Question

How do you solve `\frac { 2x } { 2} + \frac { 2} { x } = \frac { 6} { 2x }`?

Answer 1

`x={-1,1}`

Explanation:

`"given "(2x)/2+2/x=6/(2x)`

`color(red)(x/x)*(2x)/2+color(blue)(2/2).2/x=6/(2x)`

`(2x^2)/(2x)+4/(2x)=6/(2x)`

`1/(cancel(2x))(2x^2+4)=6/(cancel(2x))`

`2x^2+4=6`

`2x^2=6-4`

`cancel(2)x^2=cancel(2)`

`x^2=1`

`sqrt x^2=sqrt 1`

`x={-1,1}`

Answer 2

`x = +-1`

Explanation:

In an equation which has fractions, you can always get rid of the fractions immediately by multiplying each term by the LCM of the denominators so you can cancel the denominators.

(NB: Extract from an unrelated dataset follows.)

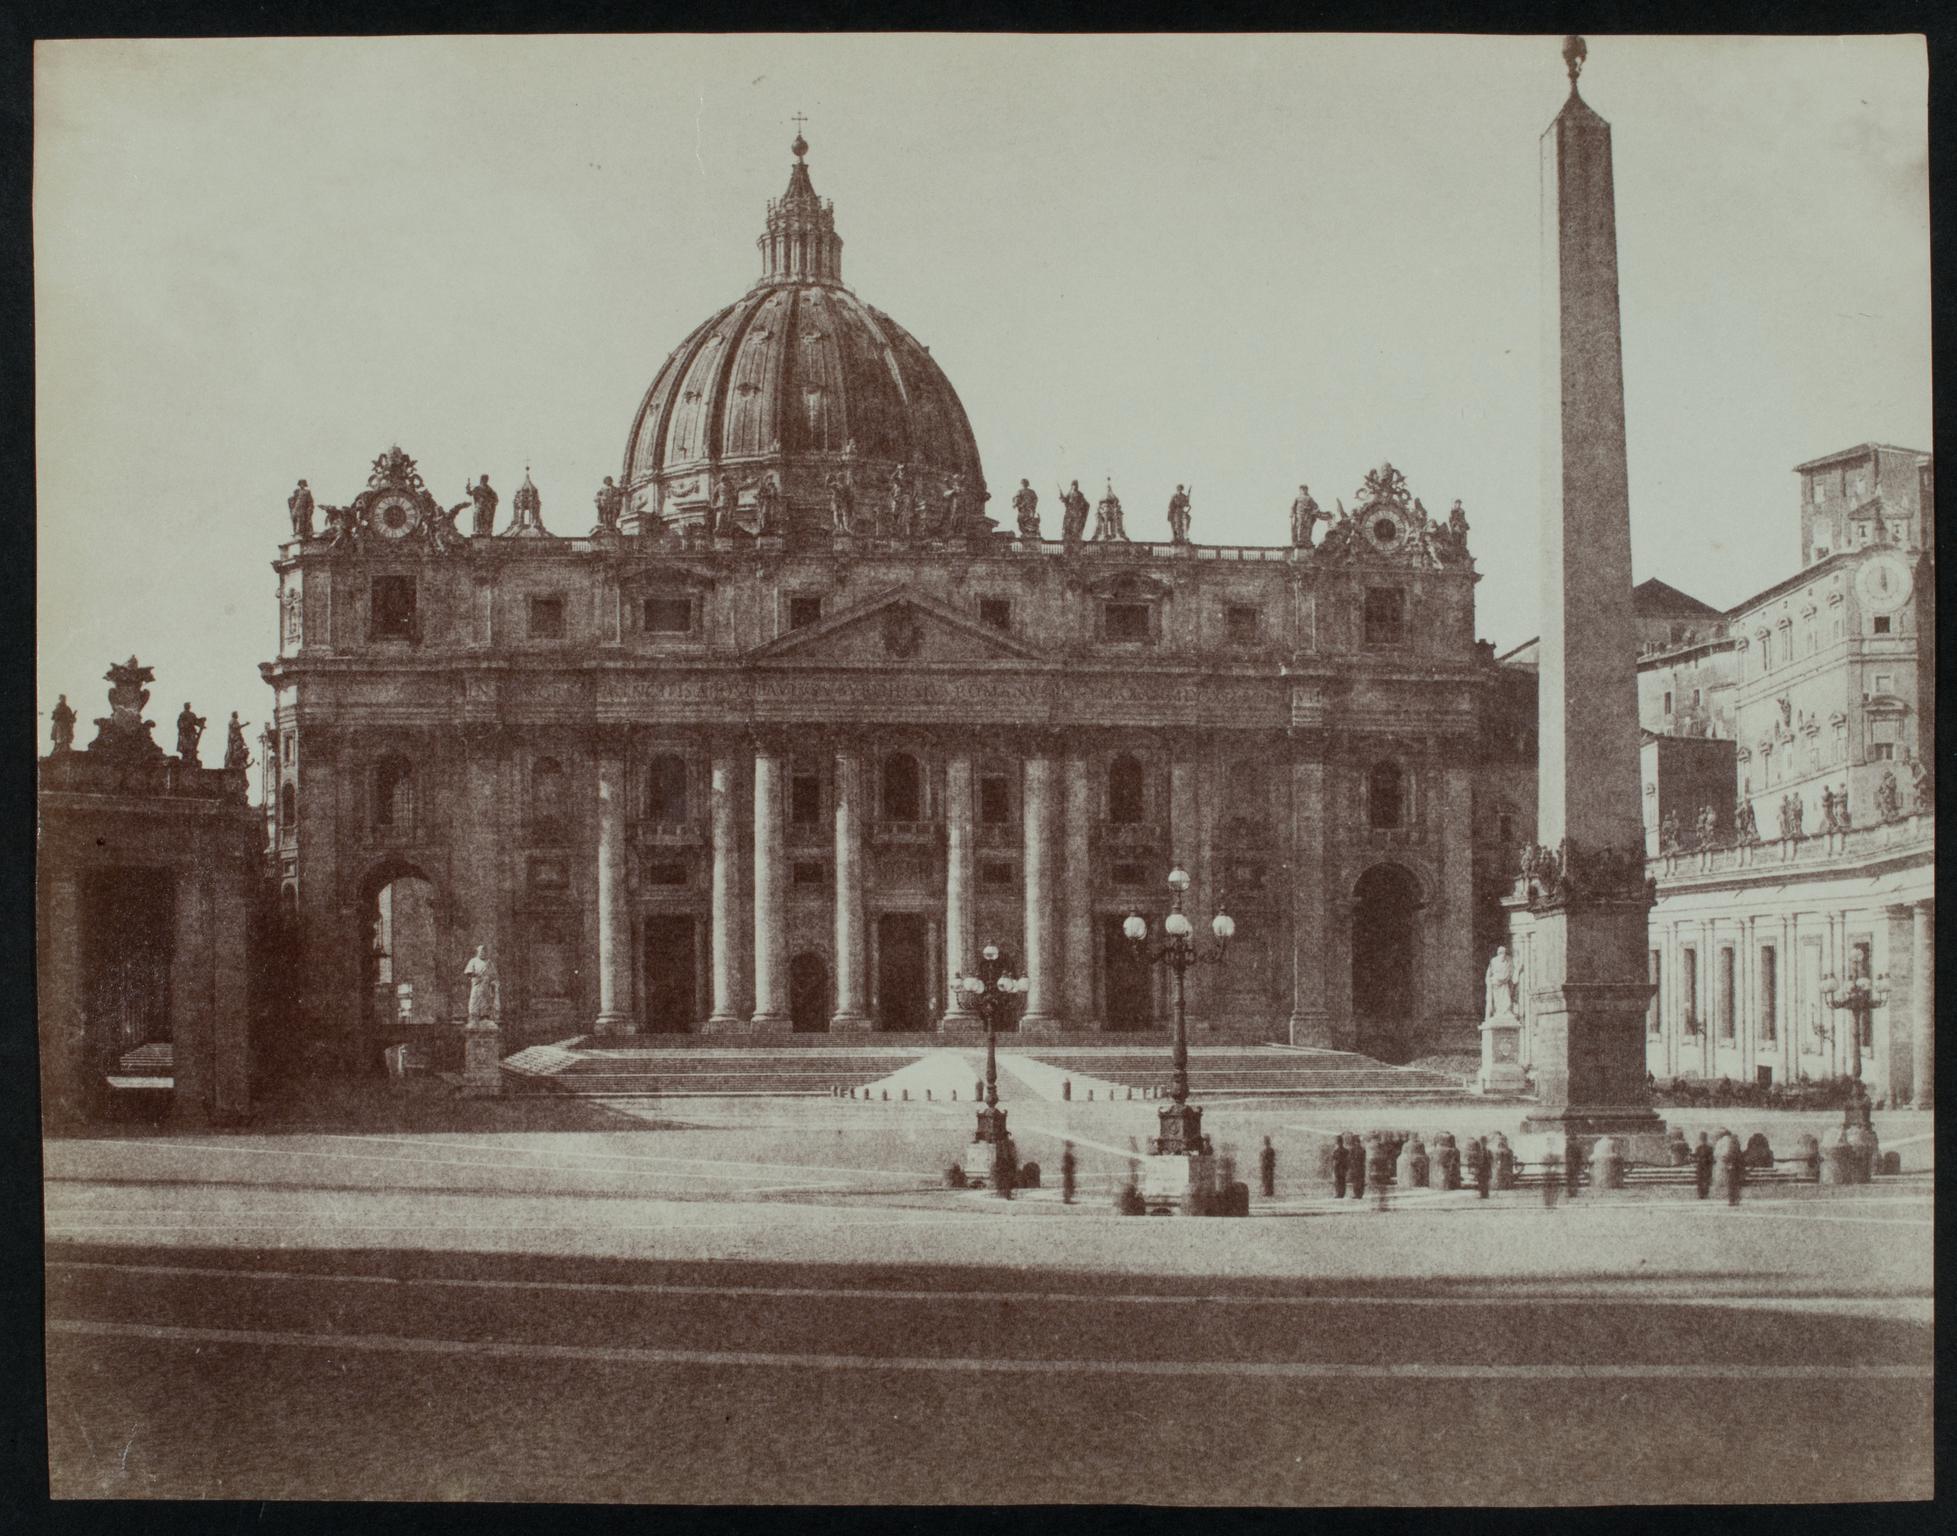 St. Peter's Rome, photograph

In this case it will be `color(blue)(2x)`.

`(2x)/2 +2/x = 6/(2x)`

`(color(blue)(cancel2x)xx2x)/cancel2 +(color(blue)(2cancelx)xx2)/cancelx = (color(blue)cancel(2x)xx6)/cancel(2x)`

`2x^2 +4 = 6`

`2x^2 = 6-4`

`2x^2 =2" "larr div 2`

`x^2 = 1" "larr` find the square root of both sides

`x = +-1`

Note that bother of these can be used as solutions because they will not make the denominators equal to 0.